Therefore, the improvement in motor functions seen in the GDNF
recipients is likely to be GDNF-related, because the animals were first
trained to a plateau level of performance with each hand before the
infusion of GDNF, virtually eliminating the possibility of a
learning effect. Alternatively, GDNF might be increasing motivation
rather than motor skills per se, or it might be doing both. For
instance, GDNF was shown to improve motor functions in rats and monkeys
in experimental settings in which no rewards were given to the
animals and in which motivation would not be expected to play a primary
role, such as home-cage activity levels (Hebert and Gerhardt, 1997 ;
Grondin et al., 2002b ). This would suggest that GDNF, by its effects on
dopamine, is most likely improving motor skills rather than increasing
motivation. However, the effects of GDNF on motivation cannot be ruled
out, particularly in a task in which it is hard to separate
motivational from motor effects, such as in our food-retrieval task,
which entails removing food items from a receptacle chamber. It remains
unclear why the vehicle-treated animals showed improvement
in their coarse motor times at weeks 4 and 24.

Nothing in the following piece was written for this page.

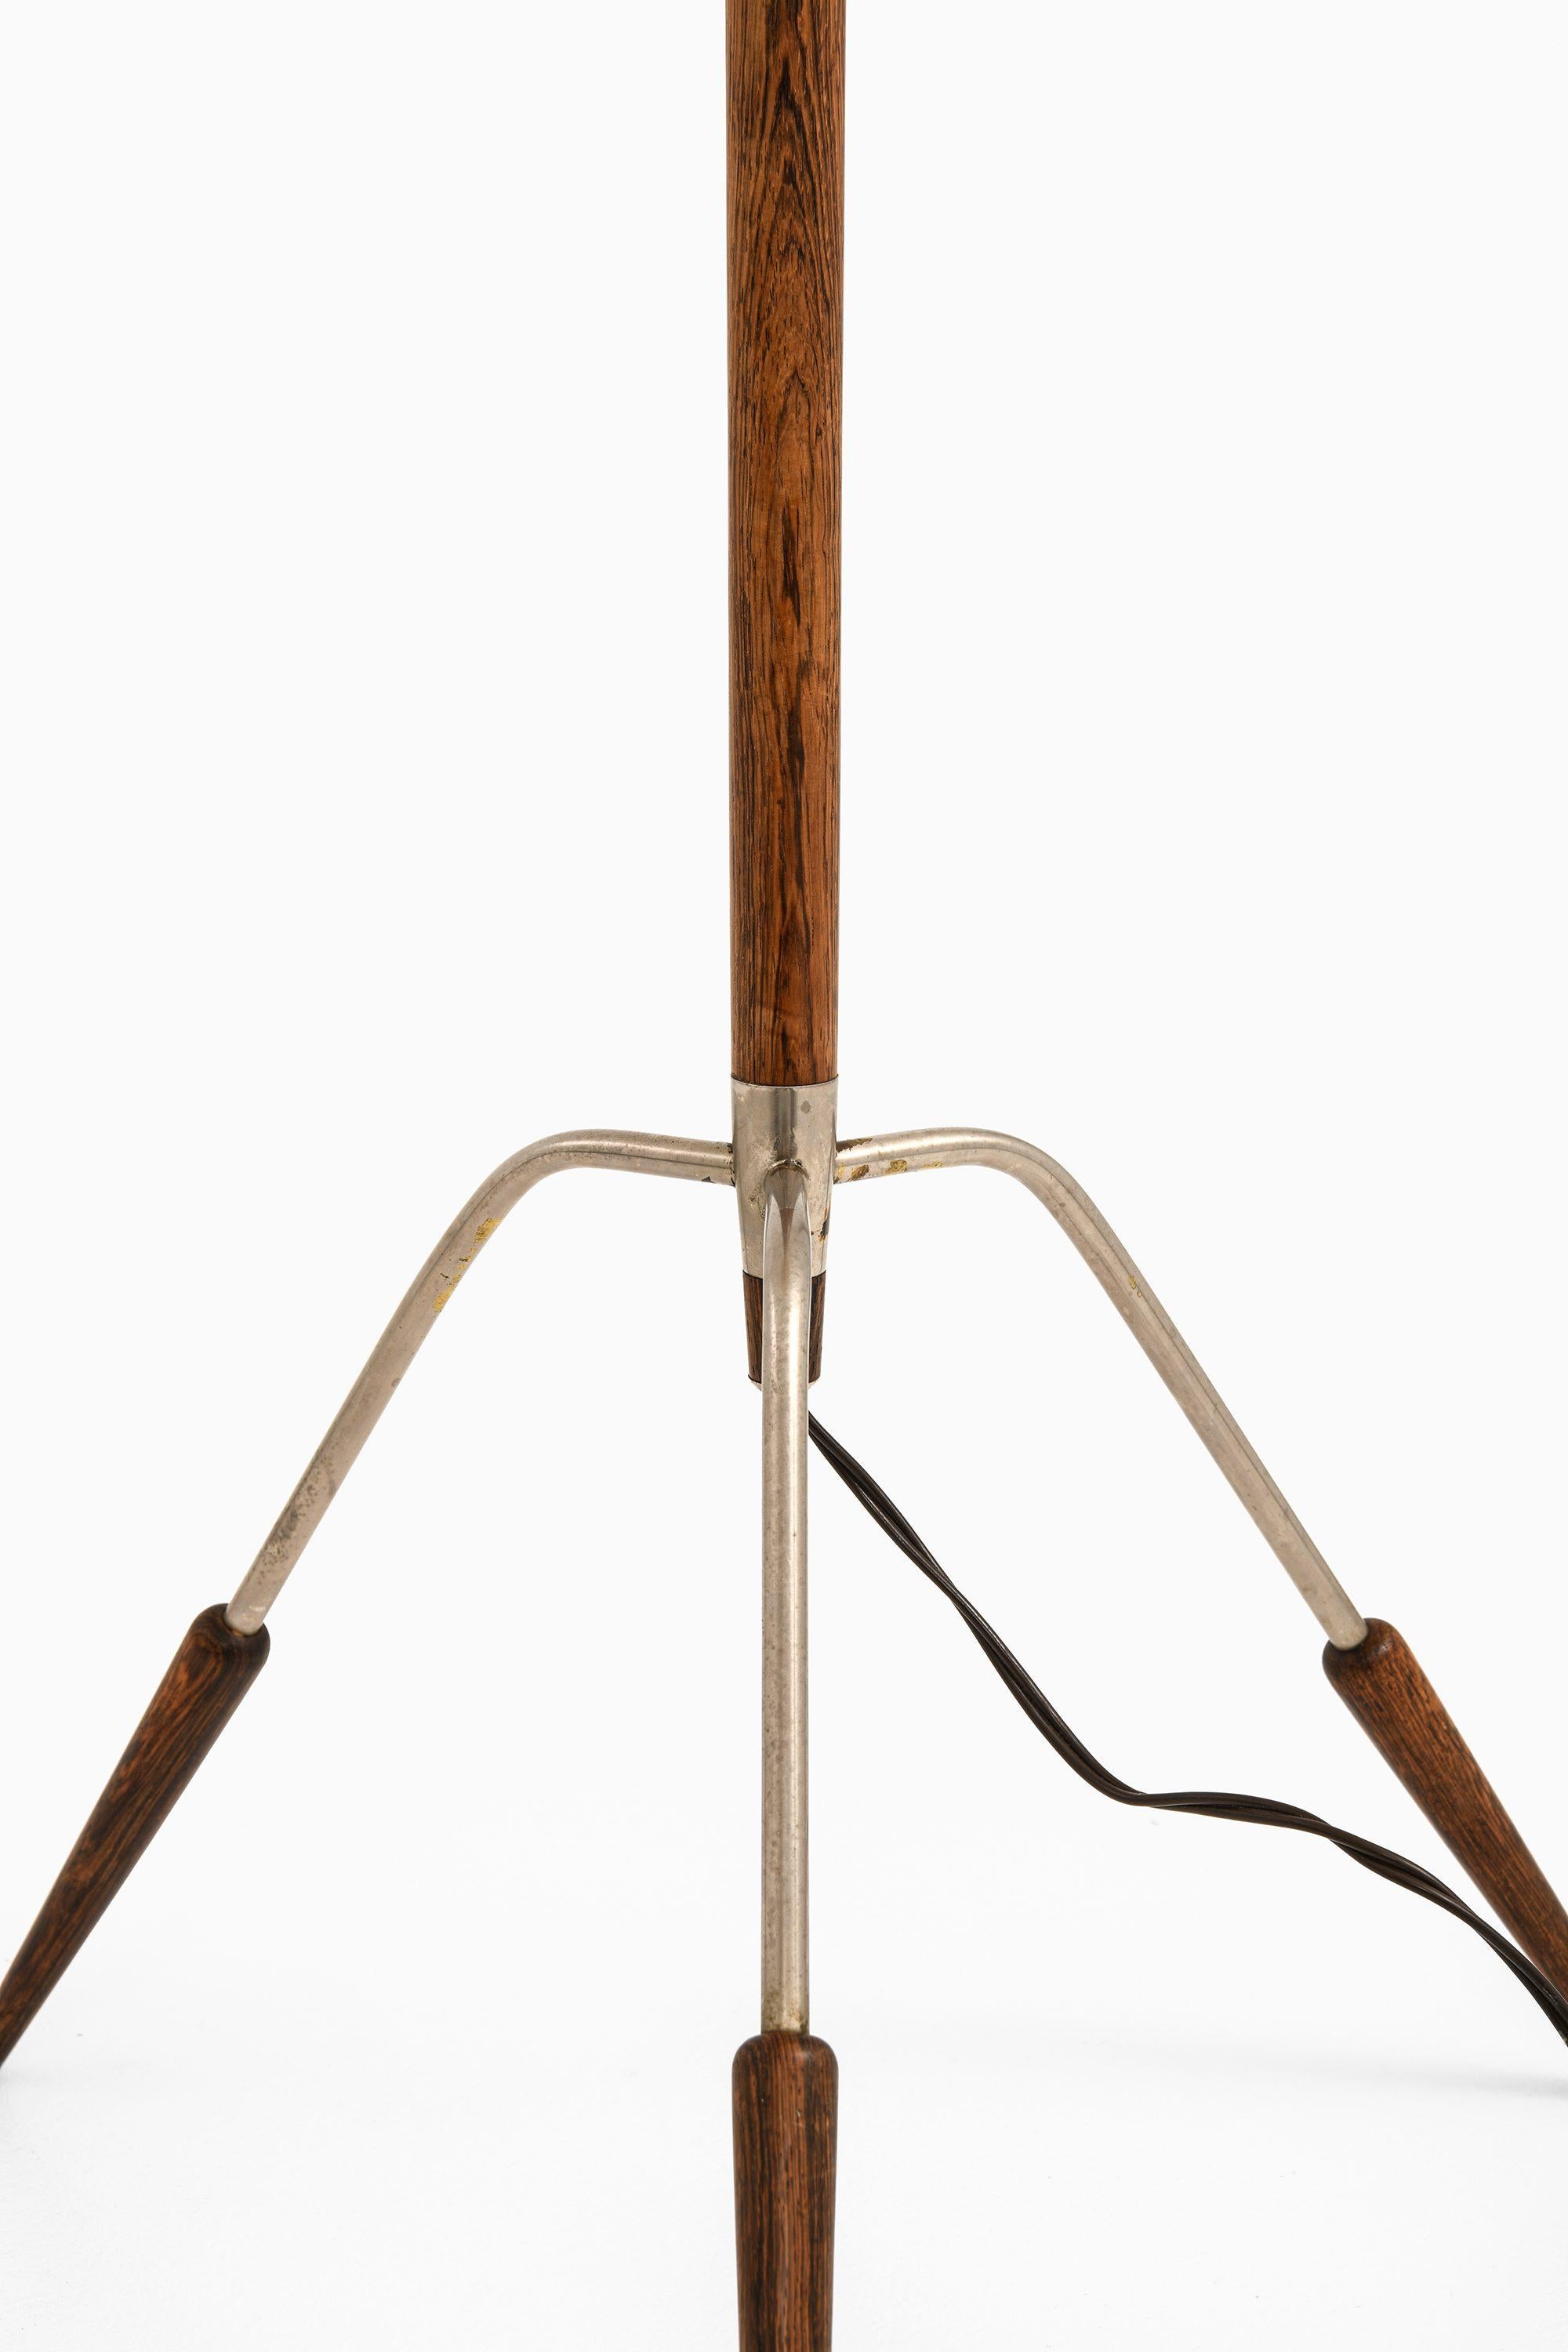 Danish Tripod Floor Lamp in Rosewood and Steel Attributed to Jo Hammerborg, 1960's For Sale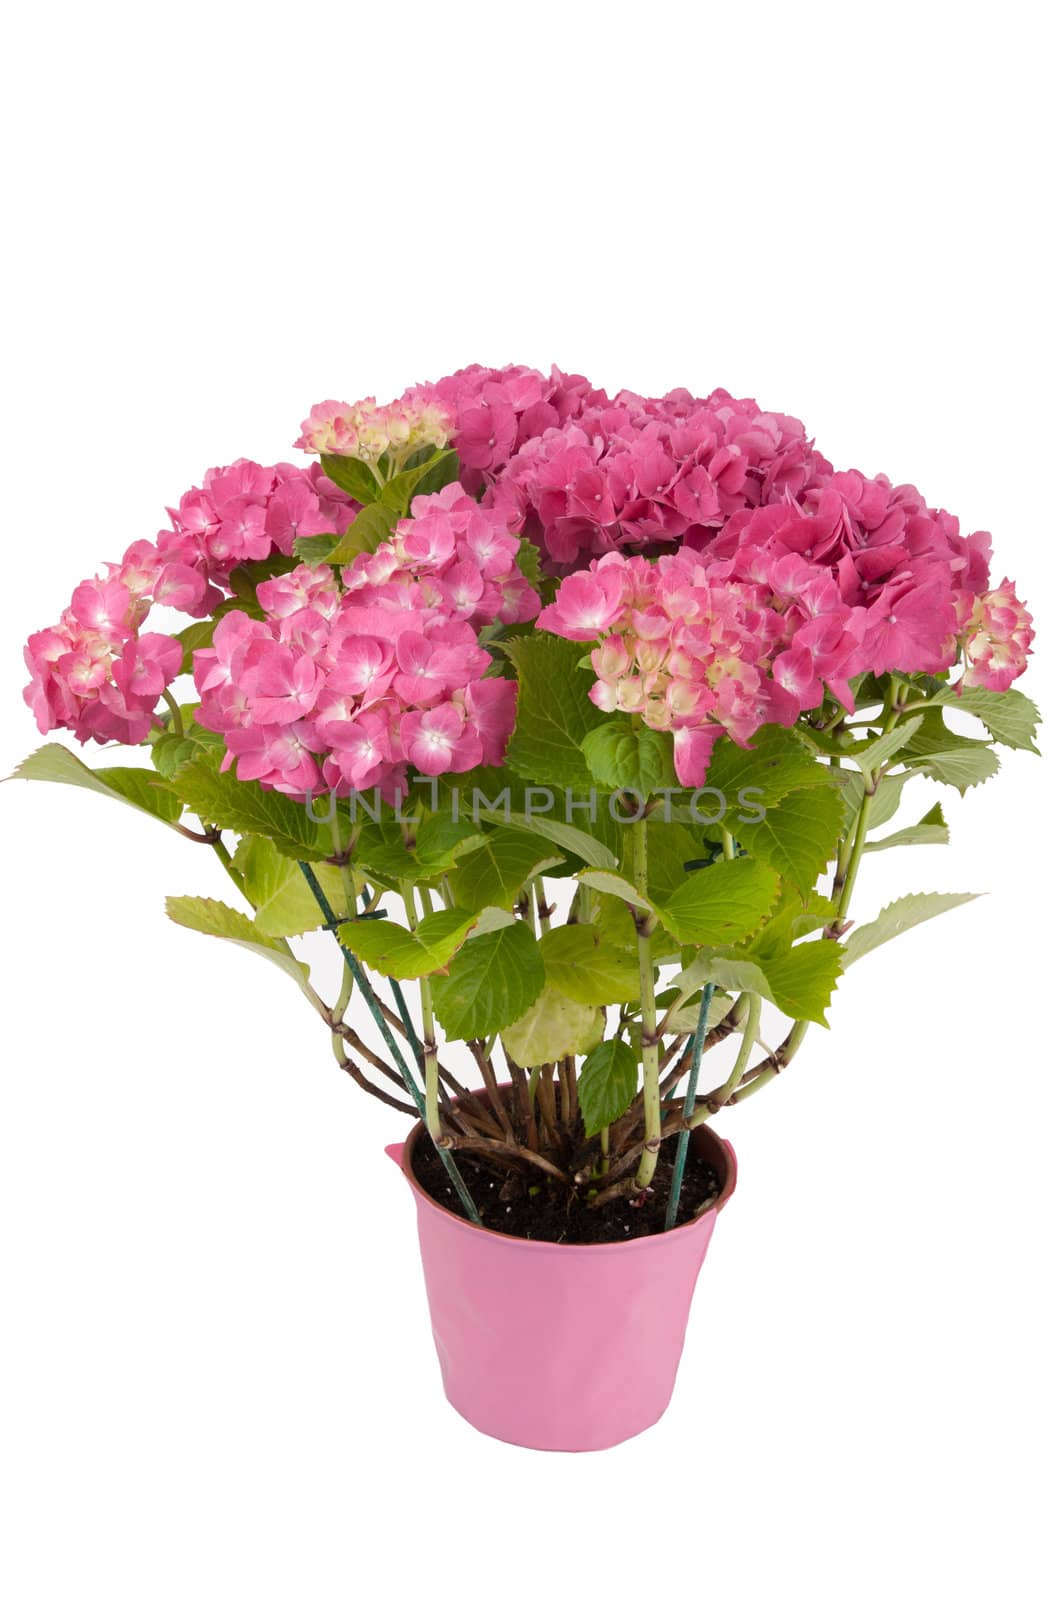 hydrangea flowers with a pink pot (top view)

Interestingly, the fine and coarse motor performance times of the aged
GDNF recipients recorded at the end of the study were comparable with
or better than those of five young adult rhesus monkeys tested on the
same task. Indeed, the average coarse motor time of the aged
GDNF-treated animals was comparable with that of the fastest of the
young animals. Accordingly, we have shown previously that the
upper-limb motor performance of aged monkeys administered the indirect
dopamine agonist levodopa or the selective dopamine uptake inhibitor
1-(2-(bis(4-fluorophenyl)methoxy)ethyl)-4-(3-phenylpropyl) (GBR-12909)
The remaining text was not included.